What is Trauma?
Trauma can look like anxiety, depression, disconnection, perfectionism, emotional outbursts, chronic pain, people-pleasing, procrastination, or numbness. These are not personality flaws. They are symptoms of a nervous system that adapted to survive overwhelming experiences.
The Brain’s Response to Trauma
In the early stages of trauma, our minds and bodies do what they must to keep us alive. These survival responses – fight, flight, freeze, or fawn – are protective. But over time, especially with chronic or complex trauma, these patterns can become over-learned and over-generalized. Instead of helping us, they start to interfere with our relationships, goals, and sense of self.

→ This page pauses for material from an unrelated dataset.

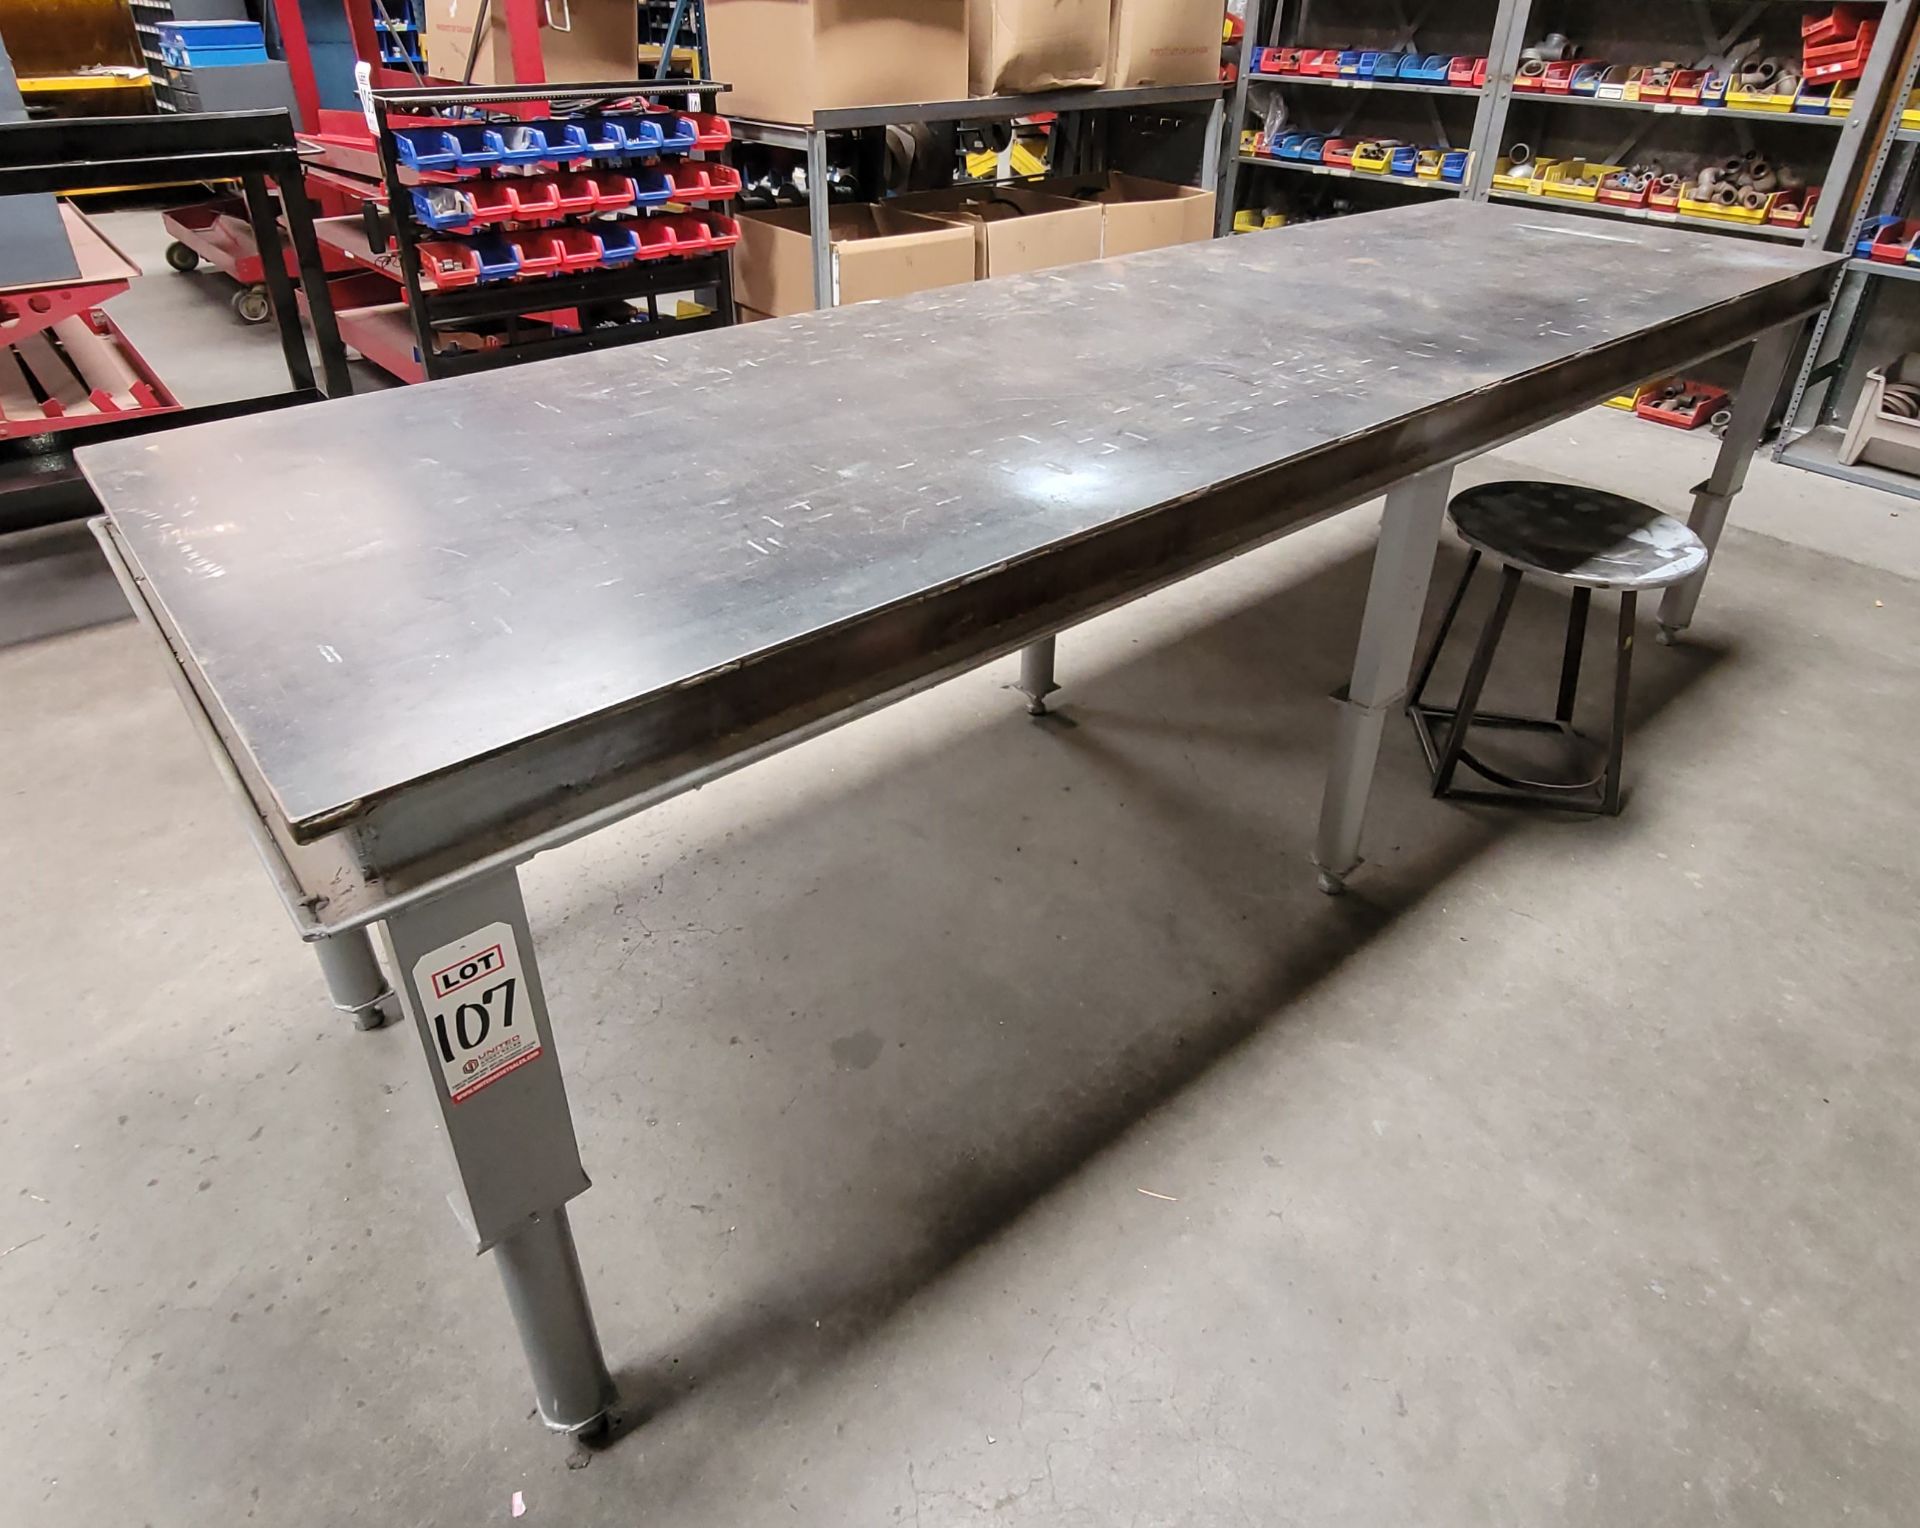 WELDING TABLE W/ 10' X 3' X 1/4" THICK TOP, 37" WORK HEIGHT, (6) HEIGHT ADJUSTABLE LEGS, W/ STEEL

Symptoms of Complex Trauma:
– Emotional dysregulation (e.g., sudden shifts, intense reactions)
– Chronic shame or guilt
– Difficulty trusting others
– Persistent inner critic
– Dissociation or “numbing out”
– Problems with boundaries
– Over-functioning or under-functioning
– Relational struggles, even with safe people
– Somatic symptoms like headaches, stomach issues, or fatigue
These symptoms aren’t weaknesses. They’re signs your body and brain have been trying to protect you – sometimes long after the danger has passed.
Grounding & Regulation Skills
GROUNDING EXERCISES:
– Name 5 things you see, 4 things you feel, 3 things you hear, 2 things you smell, 1 thing you taste
– Hold something cold or textured (ice cube, stone, etc.)
– Take a slow breath and say to yourself, “I am safe right now.”
REGULATION STRATEGIES:
– Opposite action: If you feel like withdrawing, try reaching out. If you feel like yelling, try whispering.
– Self-validation: “It makes sense I feel this way, given what I’ve been through.”
– Reframe thinking: “This feeling is hard, but it won’t last forever.”
A Final Thought
This is just the beginning. Everyone’s trauma story is different. That’s why healing needs to be personalized. But learning even a few skills and understanding your symptoms as adaptations, not defects, can be a powerful first step.